(What you should do)
The full listing, minus its pictures, should be printed again exactly as it stands.

(Data block)
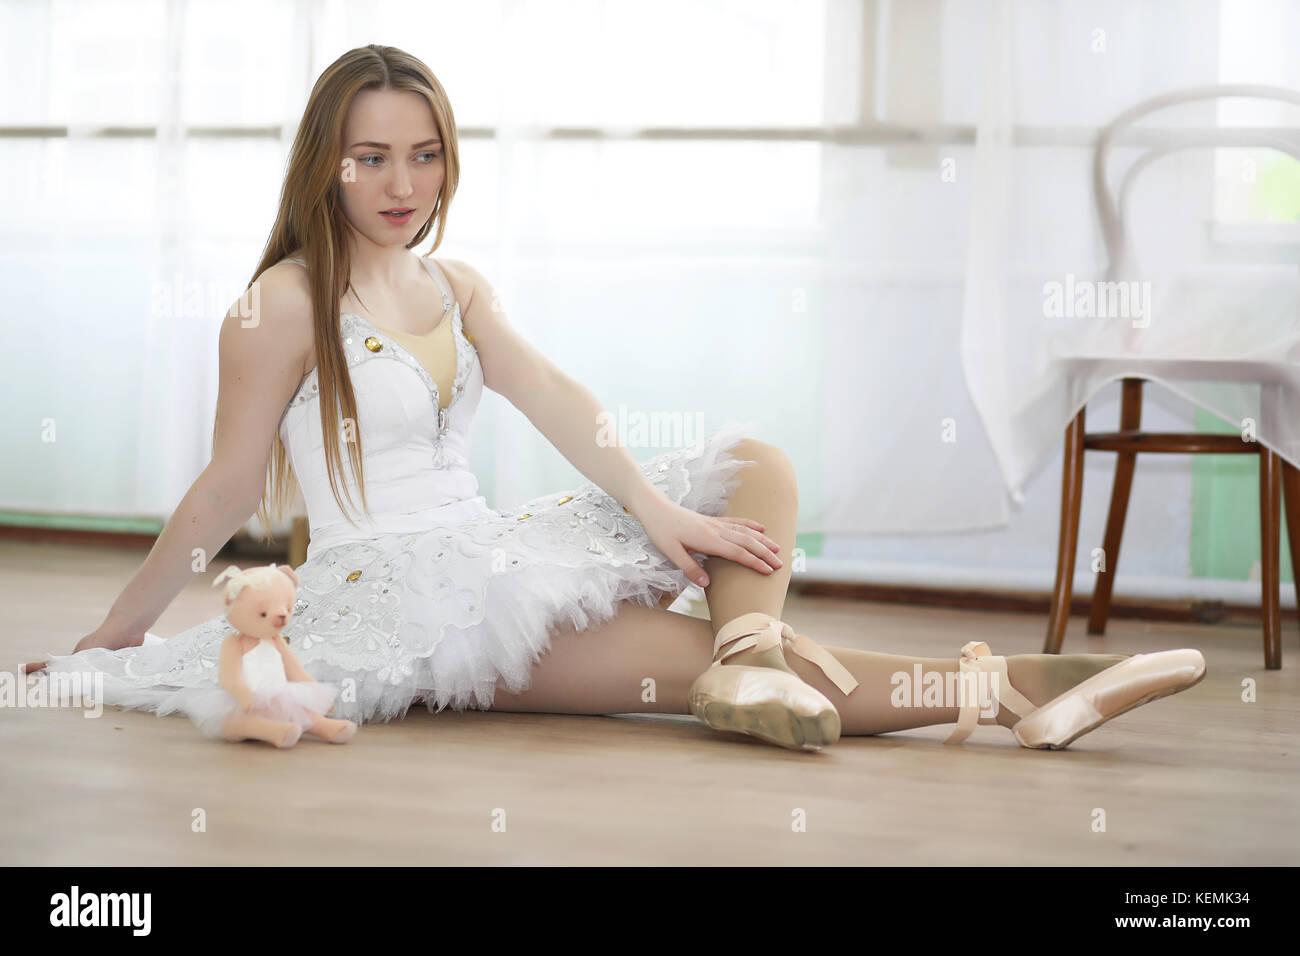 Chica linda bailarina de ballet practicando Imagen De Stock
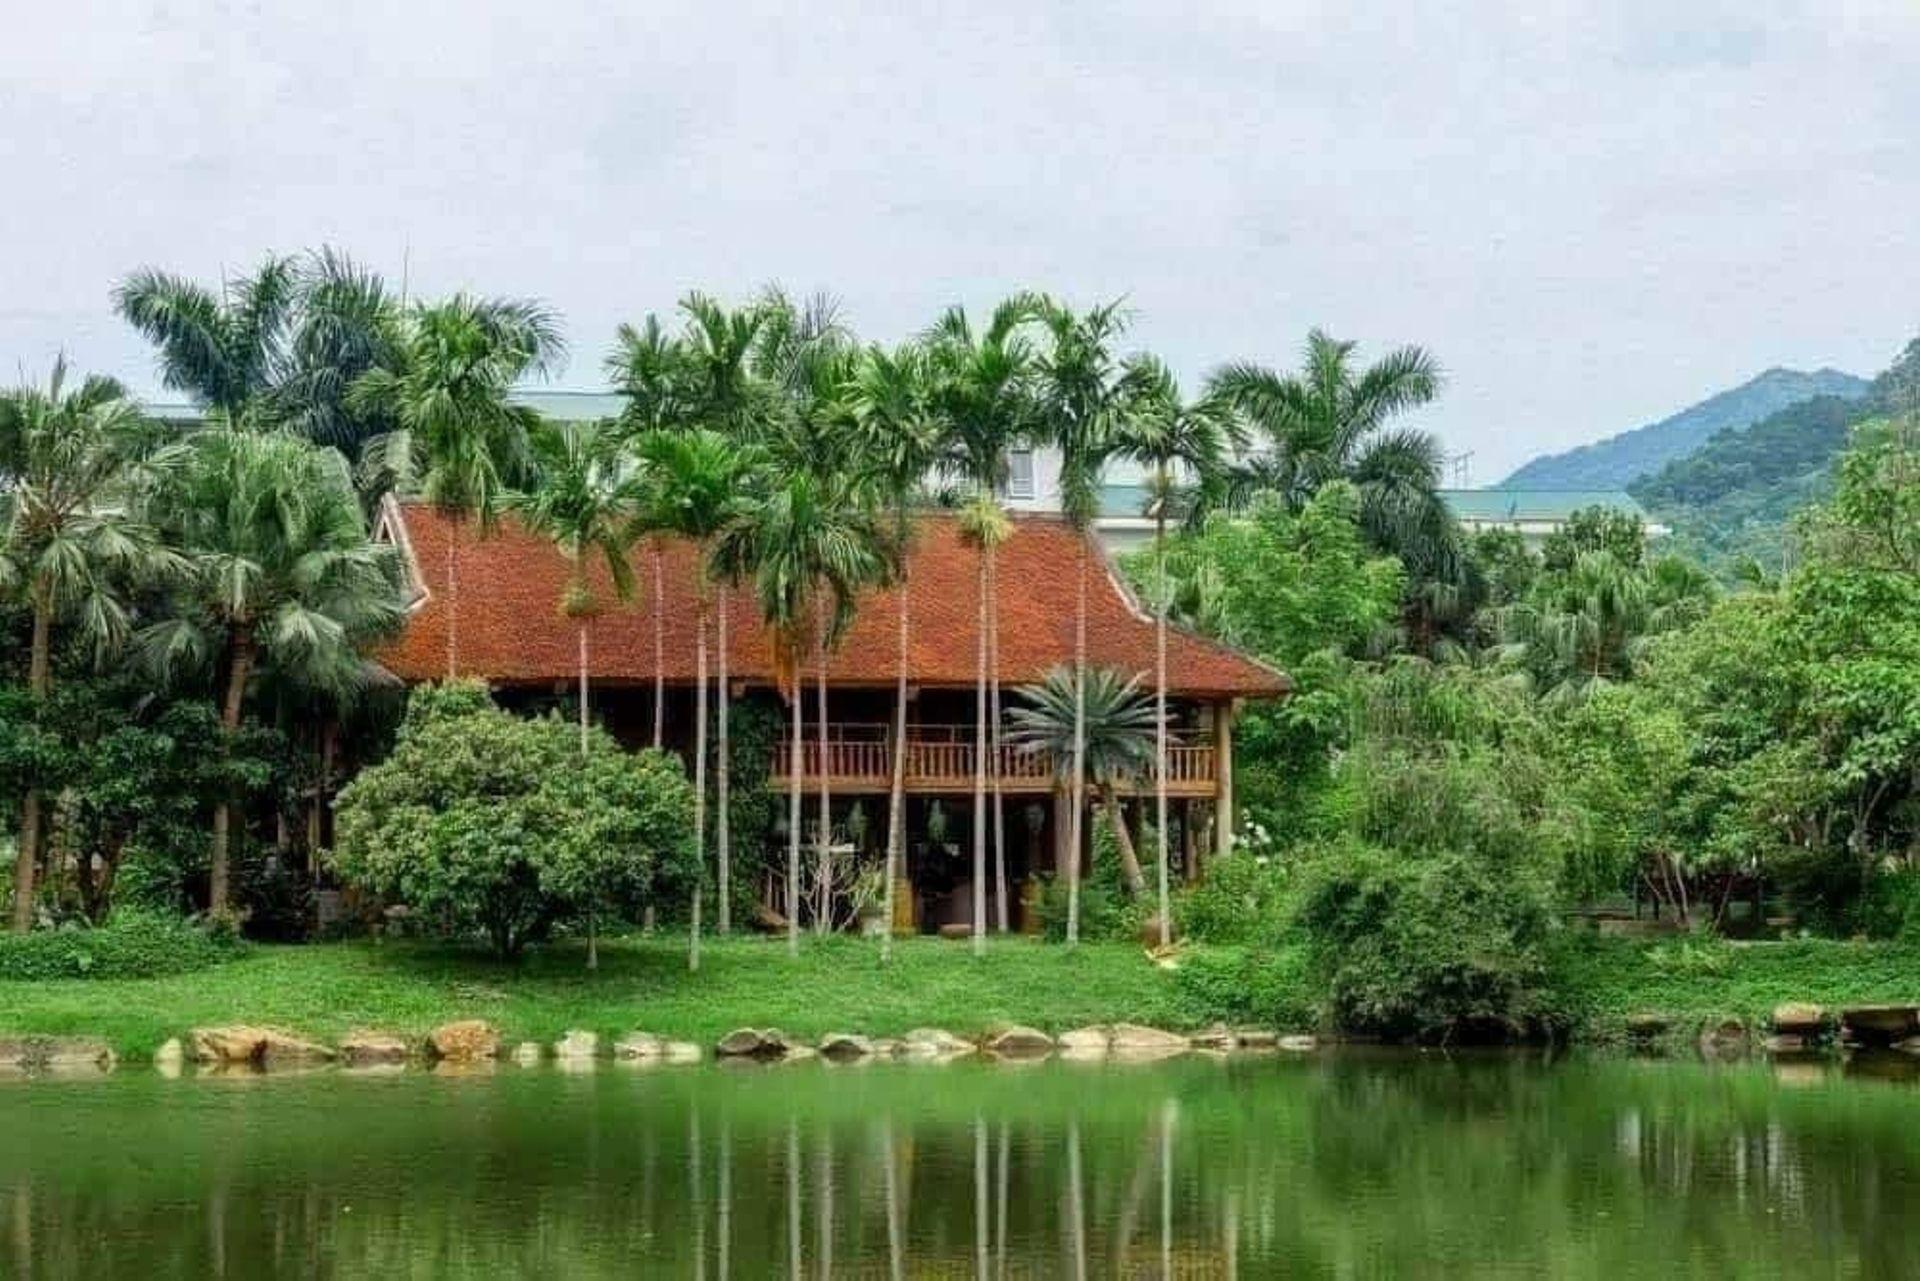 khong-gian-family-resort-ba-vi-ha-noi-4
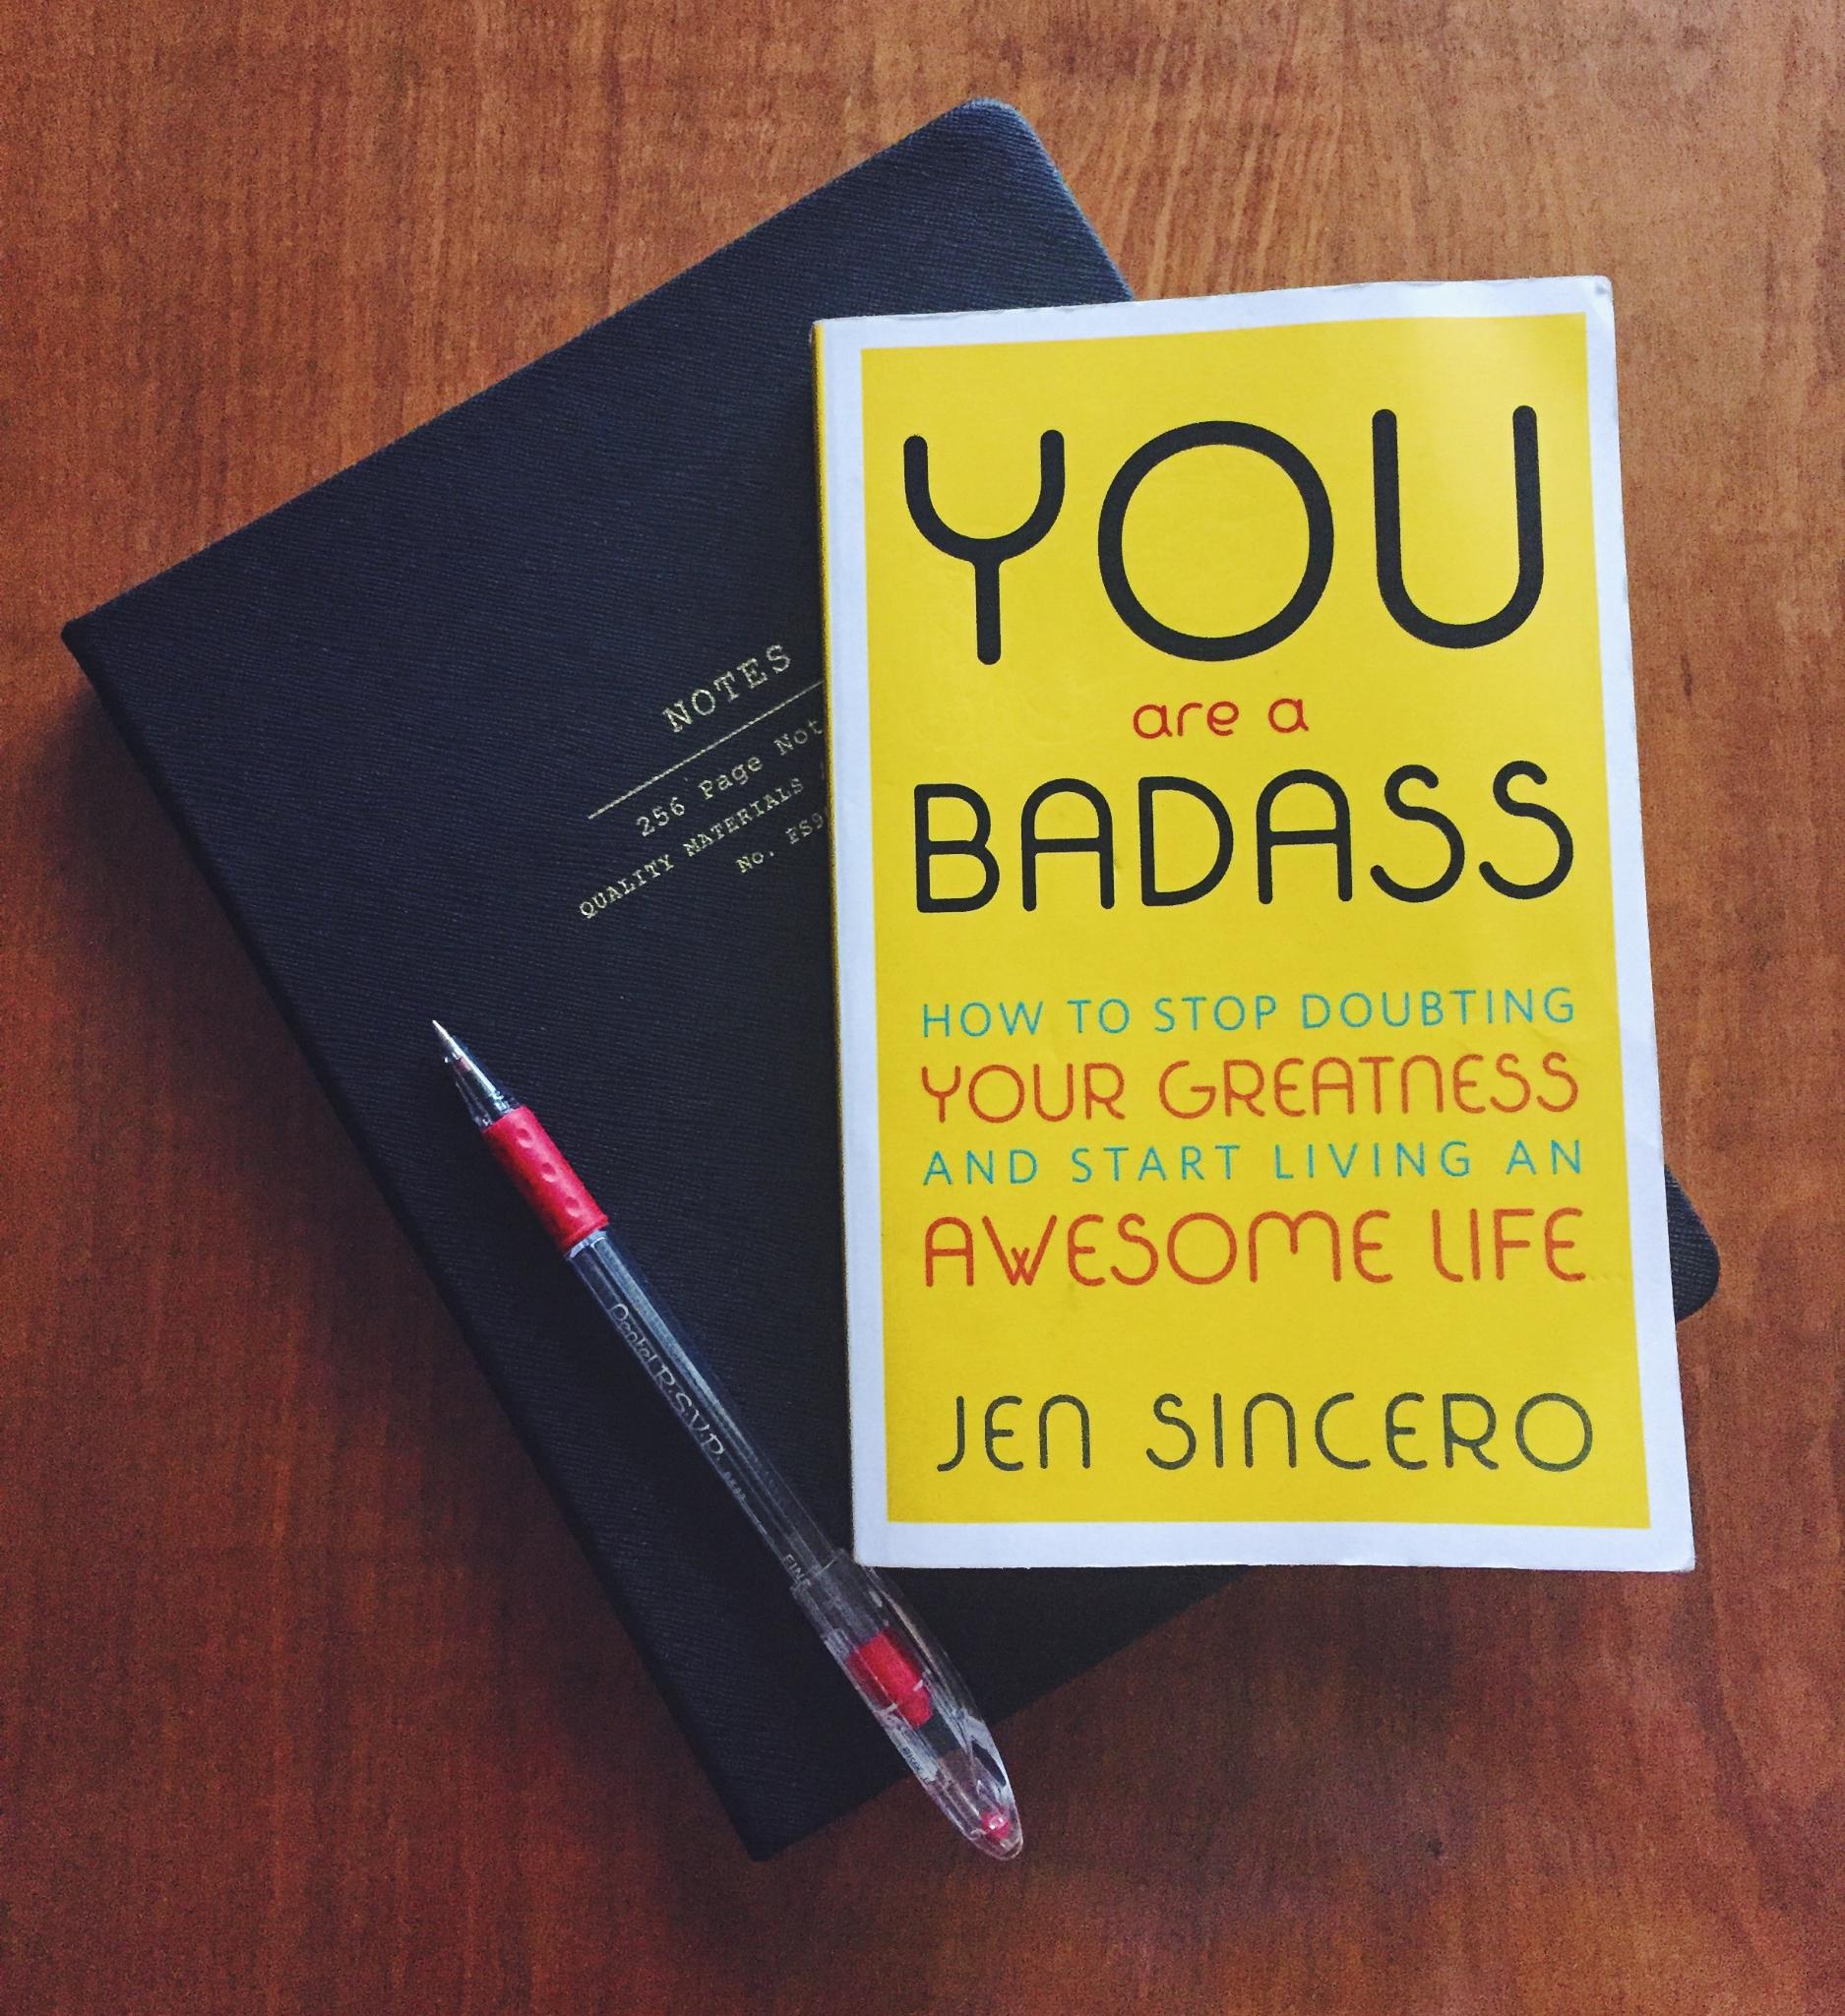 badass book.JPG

(Exercise response)
 Chica linda bailarina de ballet practicando Imagen De Stock
 khong-gian-family-resort-ba-vi-ha-noi-4
 badass book.JPG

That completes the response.